Wind farm in Northumberland, England

North Steads Wind Farm is an onshore electricity generating site west of Widdrington in Northumberland, England. The site was developed on old coal opencast workings and has nine turbines delivering over 18 megawatts of power per year.

==History==
Consent for the wind farm was granted in 2012, though construction of the site did not start until August 2015, one month after Infinis (later renamed as Ventient Energy) acquired the site from Peel Energy. The original planning permission sought was for 13 units, but this was reduced to nine operational units at North Steads, as four already existed at another site nearby called Sisters Wind Farm. The site was commissioned in June 2016, with the name North Steads Wind Farm, after the local community campaigned for the name to be changed from Blue Sky Forest, which Peel Energy developed the site as. North Steads was developed on the former coal opencasting site of Maiden Hall and Steadsburn, half of which had ceased coaling operations in 2006, though the 69 hectare Steadsburn site was still blasting rock in 2009.

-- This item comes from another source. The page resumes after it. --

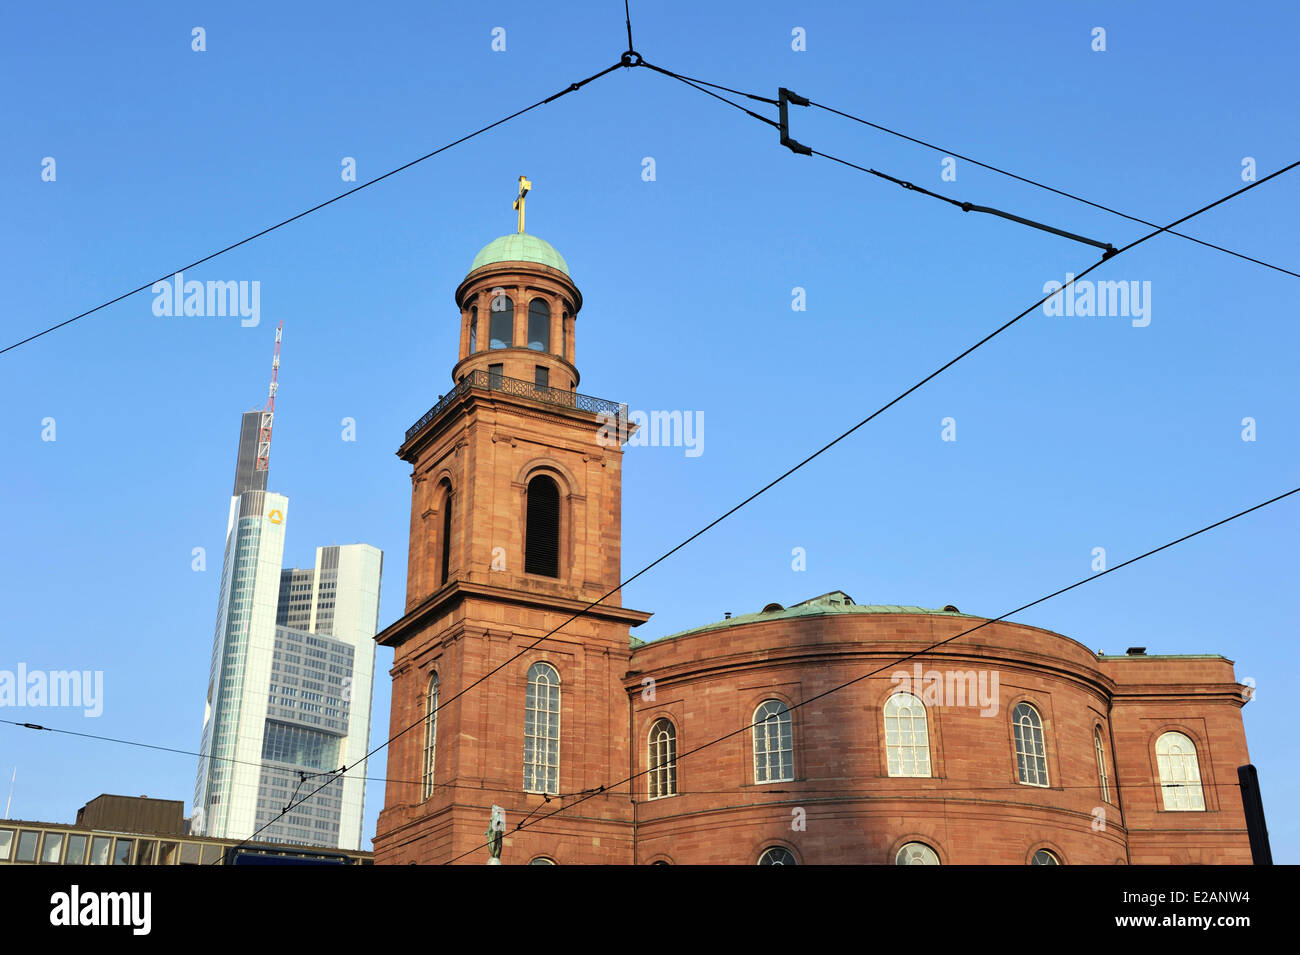 Allemagne, Hesse, Frankfurt am Main, tour de la Commerzbank et de la Paulskirche Banque D'Images

The site consists of nine turbines, each with a rating of just over 2 megawatts, and at a height of 80 m. The length of each blade is 45 m with an overall diameter of 92 m. The output of the site is rated as 18.45 megawatts, which is enough to power over 11,700 homes annually.

Six of the turbines are surrounded by woodland (North Steads Plantation), and the three southernmost, are on arable land. The site averages about 30 m above sea level, and is bounded to the east by Steads Burn.